La trasformazione della fabbrica “vecchia”, industriale, tradizionale, passa da questo cambiamento, l’unico che possa riuscire secondo Siemens a riportare la prossima ondata di produzione industriale stabilmente in Europa: possedere tecnologie e soprattutto processi innovativi, dice Siemens ma dicono anche altre realtà produttive, è quello che permette di fare la differenza rispetto alla produzione conto terzi in Asia.
«Tra 50 o 100 anni – dice Krüger – sarà ancora diverso, ma adesso la rivoluzione passa dalla fabbrica. L’effetto sull’occupazione non sarà negativo: per avere lavori sicuri bisogna scommettere sull’innovazione e adattarsi al cambiamento. L’innovazione serve ad avere buoni prodotti, chi lavora deve essere pronto a trasformarsi».
La fabbrica del futuro, spiegano Erik Brynjolfsson e Andrew McAfee nei loro libri visionari spesso citati ma quasi mai letti, sarà radicalmente diversa perché non ci sarà più. Cioè, non sarà più là dove ce l’aspettiamo, all’interno di un grande capannone, in una zona industriale, con un continuo andare e venire di operai. Sarà invece in piccole scatole grandi come un’automobile o una lavatrice, o anche più grandi, messe in un angolo accanto ai condomini o nei grandi mall commerciali. Produrrà a domicilio, realizzerà parti delle macchine, intere macchine, prodotti di vario genere. Montata su quattro gru, la fabbrica del futuro diventerà mobile verticalmente e riuscirà a innalzare grattacieli in modo totalmente automatico, stampandoli uno strato alla volta.
«Immagini – dice Krüger – una scatola grande come questa, portata sulla stazione spaziale internazionale». Indica un apparecchio non più grande di una comune lavatrice, compreso l’oblò centrale, che pesa un quintale. «Qui c’è qualsiasi cosa serva in orbita: un cacciavite o una scheda elettronica, un fusibile o un nuovo obiettivo per il telescopio, Basta versare la sabbia, caricare il software adatto e in poco tempo esce il prodotto finito. Questa è la rivoluzione a domicilio, la fabbrica del futuro».
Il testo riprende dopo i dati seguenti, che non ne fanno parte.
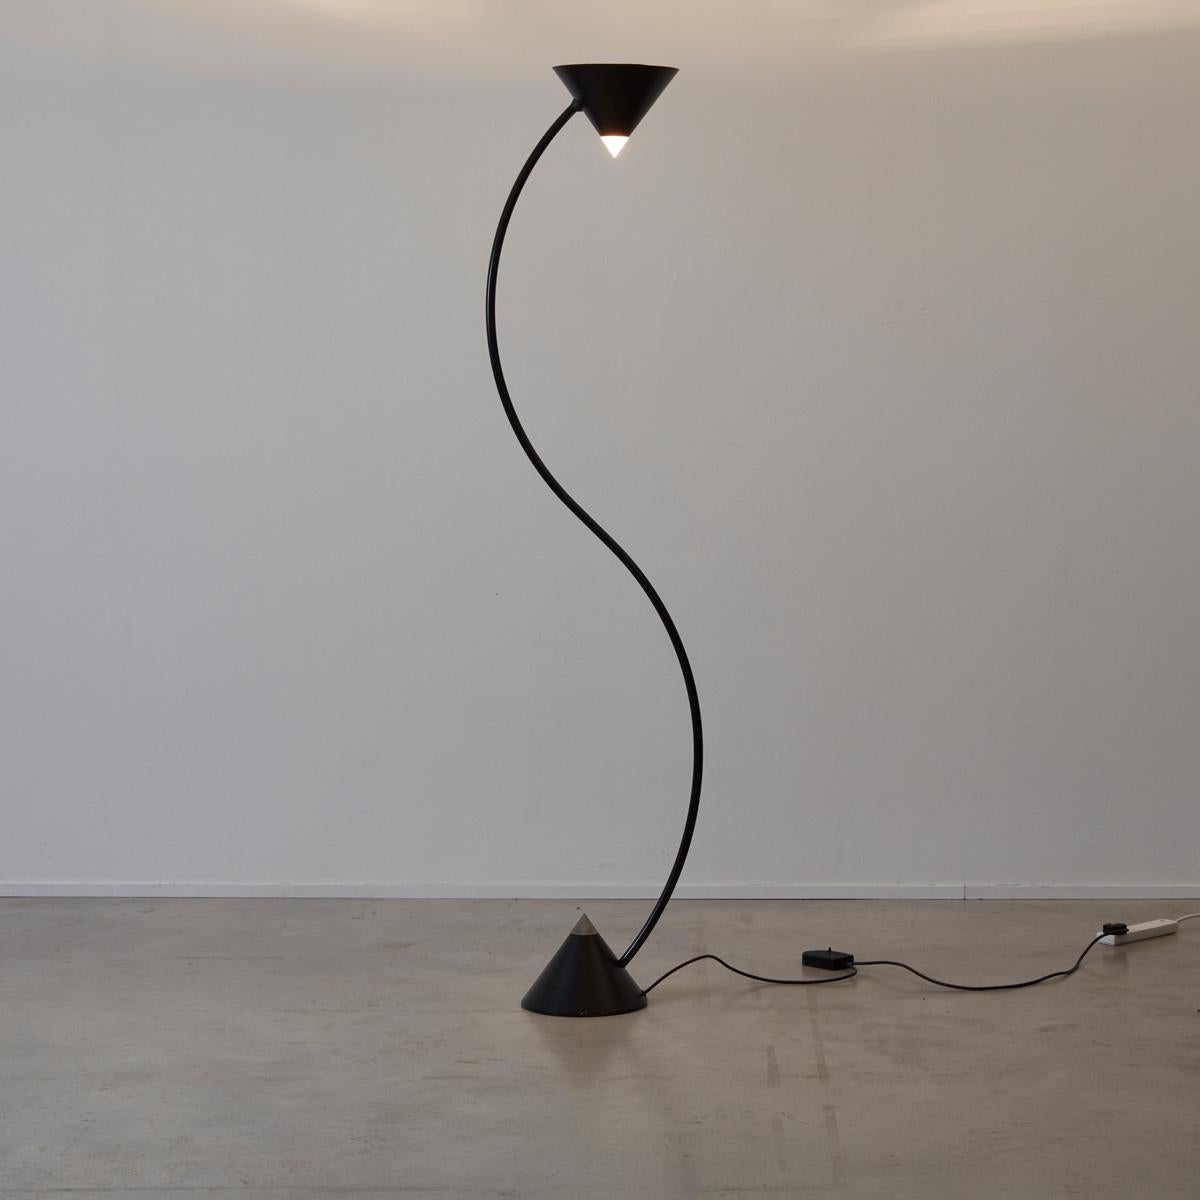 Gary Morga, designer of the Yang lamp, was born in Edinburgh, Scotland in 1956. He studied Silversmithing and Metalwork at Camberwell School of Arts & Crafts, London. In 1986 he was invited to submit designs for the Memphis Milano Lights Exhibition,

Siemens già comincia a sognare quando i grandi clienti del settore energy, che comprano turbine a gas miliardarie o impianti per dighe, avranno la loro macchina Siemens per produrre i pezzi di ricambio a domicilio, in cima a una montagna o nel pieno di un deserto. Niente più trasporti eccezionali, tempi morti, attese e problemi. Oppure, negli Usa è Boeing che sogna e conta i giorni per quando a Everett, dove l’azienda aerospaziale americano ha costruito il più grande edificio al mondo per cubatura per assemblare i colossi dell’aria, i jumbo jet, potrà anziché attendere l’arrivo delle parti realizzate dai partner in 43 paesi diversi, stamparseli direttamente in loco. Finirà il carosello che fa arrivare le componenti da tutto il mondo, Italia compresa, e ripartirà un’industria diversa, a forte rischio di delocalizzazione (Airbus ha già aperto un impianto per la finalizzazione degli A320 in Cina). La rivoluzione è a domicilio: basteranno pochi tecnici per azionare i macchinari, veri badanti dell’altissima tecnologia, mentre l’intelligenza – come nella rete – sarà agli estremi.